▶ [What is required]: Copy out the data below, all of it, exactly.
[[ Exercise data open ]]
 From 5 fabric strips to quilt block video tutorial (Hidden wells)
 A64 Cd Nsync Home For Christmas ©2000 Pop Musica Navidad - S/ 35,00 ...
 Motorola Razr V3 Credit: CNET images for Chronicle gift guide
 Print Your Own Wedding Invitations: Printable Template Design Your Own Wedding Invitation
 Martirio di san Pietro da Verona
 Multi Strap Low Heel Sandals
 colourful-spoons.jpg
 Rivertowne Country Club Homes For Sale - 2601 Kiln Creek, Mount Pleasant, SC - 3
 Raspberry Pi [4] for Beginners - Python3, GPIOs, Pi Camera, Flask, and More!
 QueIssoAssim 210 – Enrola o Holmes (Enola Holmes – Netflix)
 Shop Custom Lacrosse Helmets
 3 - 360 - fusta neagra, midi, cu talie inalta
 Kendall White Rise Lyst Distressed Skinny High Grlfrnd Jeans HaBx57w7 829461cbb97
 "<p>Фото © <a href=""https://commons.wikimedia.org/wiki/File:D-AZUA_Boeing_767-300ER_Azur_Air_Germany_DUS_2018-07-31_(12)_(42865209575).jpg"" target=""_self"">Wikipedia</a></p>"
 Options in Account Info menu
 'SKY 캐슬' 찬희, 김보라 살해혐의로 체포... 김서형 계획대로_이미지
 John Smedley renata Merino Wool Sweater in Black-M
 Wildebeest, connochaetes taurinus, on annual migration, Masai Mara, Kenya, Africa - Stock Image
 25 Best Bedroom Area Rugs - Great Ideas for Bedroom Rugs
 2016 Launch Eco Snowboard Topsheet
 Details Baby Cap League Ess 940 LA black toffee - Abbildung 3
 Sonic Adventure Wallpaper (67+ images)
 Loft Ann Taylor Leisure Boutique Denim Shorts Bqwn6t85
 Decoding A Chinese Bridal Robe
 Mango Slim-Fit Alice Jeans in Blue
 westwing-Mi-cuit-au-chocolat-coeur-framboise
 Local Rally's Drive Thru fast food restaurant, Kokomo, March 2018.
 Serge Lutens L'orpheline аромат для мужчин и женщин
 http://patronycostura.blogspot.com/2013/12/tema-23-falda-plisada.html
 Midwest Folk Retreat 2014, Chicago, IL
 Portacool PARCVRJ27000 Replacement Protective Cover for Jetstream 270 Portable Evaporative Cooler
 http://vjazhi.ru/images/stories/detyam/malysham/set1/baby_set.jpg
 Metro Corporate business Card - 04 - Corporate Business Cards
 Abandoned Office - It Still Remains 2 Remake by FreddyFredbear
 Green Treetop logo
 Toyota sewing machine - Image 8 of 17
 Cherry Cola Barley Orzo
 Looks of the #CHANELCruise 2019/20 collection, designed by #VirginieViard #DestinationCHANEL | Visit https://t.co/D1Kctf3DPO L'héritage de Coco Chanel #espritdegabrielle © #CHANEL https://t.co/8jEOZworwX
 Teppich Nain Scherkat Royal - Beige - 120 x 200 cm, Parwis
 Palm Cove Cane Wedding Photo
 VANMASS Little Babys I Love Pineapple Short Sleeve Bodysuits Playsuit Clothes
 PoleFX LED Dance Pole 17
[[ Exercise data closed ]]
▶ [Written response]:
 From 5 fabric strips to quilt block video tutorial (Hidden wells)
 A64 Cd Nsync Home For Christmas ©2000 Pop Musica Navidad - S/ 35,00 ...
 Motorola Razr V3 Credit: CNET images for Chronicle gift guide
 Print Your Own Wedding Invitations: Printable Template Design Your Own Wedding Invitation
 Martirio di san Pietro da Verona
 Multi Strap Low Heel Sandals
 colourful-spoons.jpg
 Rivertowne Country Club Homes For Sale - 2601 Kiln Creek, Mount Pleasant, SC - 3
 Raspberry Pi [4] for Beginners - Python3, GPIOs, Pi Camera, Flask, and More!
 QueIssoAssim 210 – Enrola o Holmes (Enola Holmes – Netflix)
 Shop Custom Lacrosse Helmets
 3 - 360 - fusta neagra, midi, cu talie inalta
 Kendall White Rise Lyst Distressed Skinny High Grlfrnd Jeans HaBx57w7 829461cbb97
 "<p>Фото © <a href=""https://commons.wikimedia.org/wiki/File:D-AZUA_Boeing_767-300ER_Azur_Air_Germany_DUS_2018-07-31_(12)_(42865209575).jpg"" target=""_self"">Wikipedia</a></p>"
 Options in Account Info menu
 'SKY 캐슬' 찬희, 김보라 살해혐의로 체포... 김서형 계획대로_이미지
 John Smedley renata Merino Wool Sweater in Black-M
 Wildebeest, connochaetes taurinus, on annual migration, Masai Mara, Kenya, Africa - Stock Image
 25 Best Bedroom Area Rugs - Great Ideas for Bedroom Rugs
 2016 Launch Eco Snowboard Topsheet
 Details Baby Cap League Ess 940 LA black toffee - Abbildung 3
 Sonic Adventure Wallpaper (67+ images)
 Loft Ann Taylor Leisure Boutique Denim Shorts Bqwn6t85
 Decoding A Chinese Bridal Robe
 Mango Slim-Fit Alice Jeans in Blue
 westwing-Mi-cuit-au-chocolat-coeur-framboise
 Local Rally's Drive Thru fast food restaurant, Kokomo, March 2018.
 Serge Lutens L'orpheline аромат для мужчин и женщин
 http://patronycostura.blogspot.com/2013/12/tema-23-falda-plisada.html
 Midwest Folk Retreat 2014, Chicago, IL
 Portacool PARCVRJ27000 Replacement Protective Cover for Jetstream 270 Portable Evaporative Cooler
 http://vjazhi.ru/images/stories/detyam/malysham/set1/baby_set.jpg
 Metro Corporate business Card - 04 - Corporate Business Cards
 Abandoned Office - It Still Remains 2 Remake by FreddyFredbear
 Green Treetop logo
 Toyota sewing machine - Image 8 of 17
 Cherry Cola Barley Orzo
 Looks of the #CHANELCruise 2019/20 collection, designed by #VirginieViard #DestinationCHANEL | Visit https://t.co/D1Kctf3DPO L'héritage de Coco Chanel #espritdegabrielle © #CHANEL https://t.co/8jEOZworwX
 Teppich Nain Scherkat Royal - Beige - 120 x 200 cm, Parwis
 Palm Cove Cane Wedding Photo
 VANMASS Little Babys I Love Pineapple Short Sleeve Bodysuits Playsuit Clothes
 PoleFX LED Dance Pole 17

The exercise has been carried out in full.